A clear relocation plan that turns “I want to move” into real steps and dates
Help coordinating housing options based on your needs, budget, and preferences
Support setting up services for the community (home care, waiver planning once eligible, mental health supports, etc.)
Coordination with the facility discharge planner so the move plan stays realistic
Help connecting to benefits and community resources tied to a safe discharge
Support organizing paperwork, appointments, and follow-through so nothing important gets missed
Ongoing check-ins and plan updates as things change
We do not provide therapy or treatment
We do not provide legal services
We do not provide outreach services
We do not “guarantee” housing approval or a specific move date
We do not replace your county, tribal nation, or managed care care coordinator (we coordinate with them)
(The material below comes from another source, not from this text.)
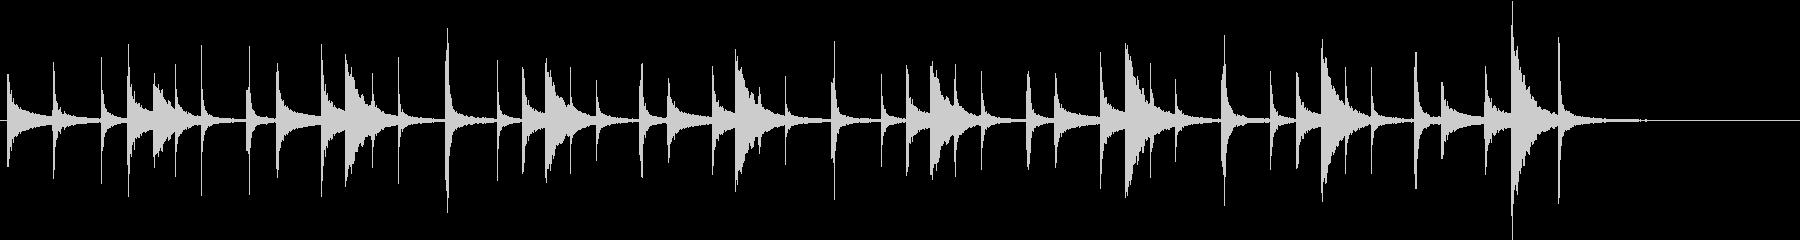 ティンバリ:ウッドブロックとカウベ...の未再生の波形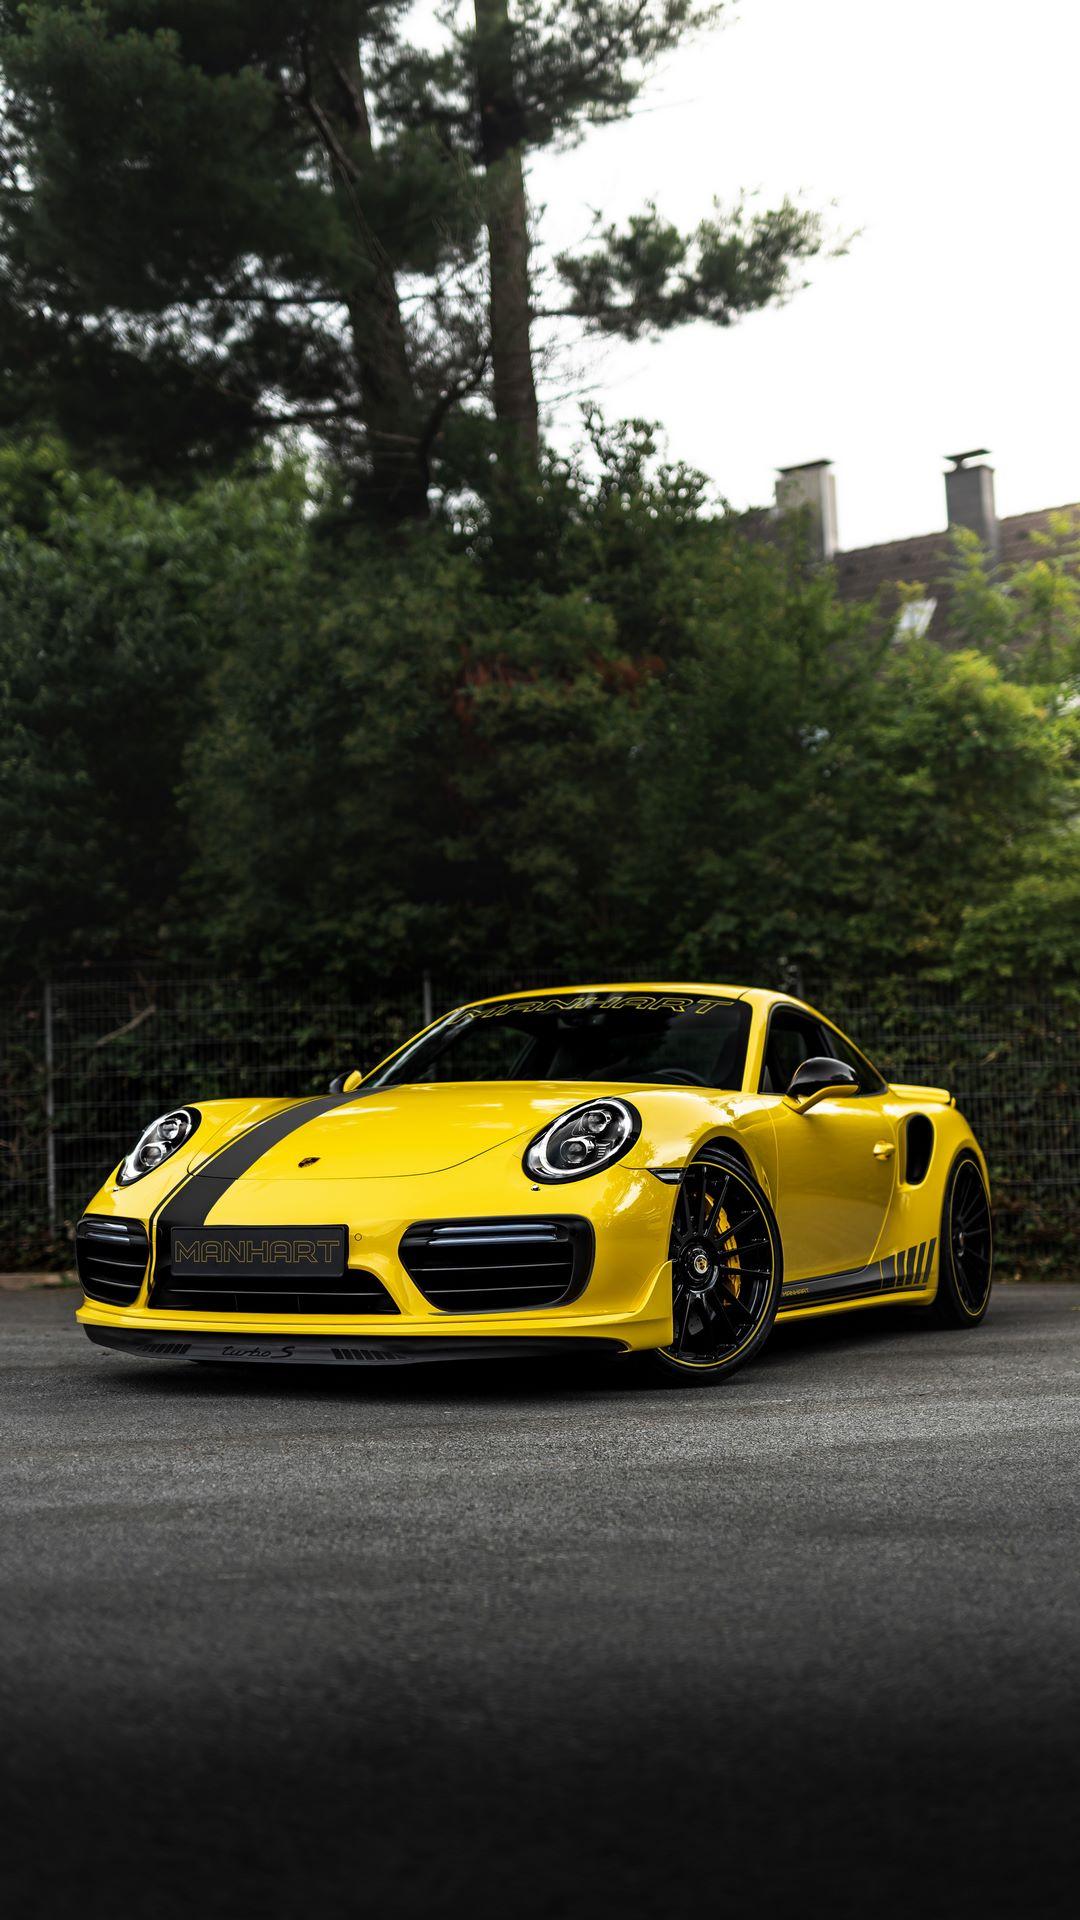 Porsche-911-Turbo-S-by-Manhart-14

Submit a copy of our referral form.
County/tribal authorization and eligibility confirmation (MA + eligible institution).
We build the relocation plan and coordinate the move supports.
RSC-TCM is a Medical Assistance (MA) benefit when you qualify. You must have MA and be living in an eligible institution at the time of service.
To start, you (or someone acting on your behalf) request services through your local county agency or tribal nation. They assign a case manager to meet with you within 20 working days and provide a list of RSC-TCM provider options in your area. You have a choice of provider from the available options.
RSC-TCM is time-limited. People typically have up to 180 consecutive days per eligible institutional admission, and the clock can start when any targeted case management service is first billed.
A resident in a nursing facility wanted to move into the community but felt stuck. Here is what we coordinated:
Met with the resident and supports to confirm goals, needs, and a realistic timeline
Built a relocation plan (housing plan + services plan + follow-up dates)
Coordinated with the facility discharge planner to align paperwork and next steps
Helped connect to community services needed for safe living after discharge
Kept communication moving between the resident, supports, and system partners so tasks did not stall
Outcome: The resident moved into a community setting with services in place and a plan for ongoing support.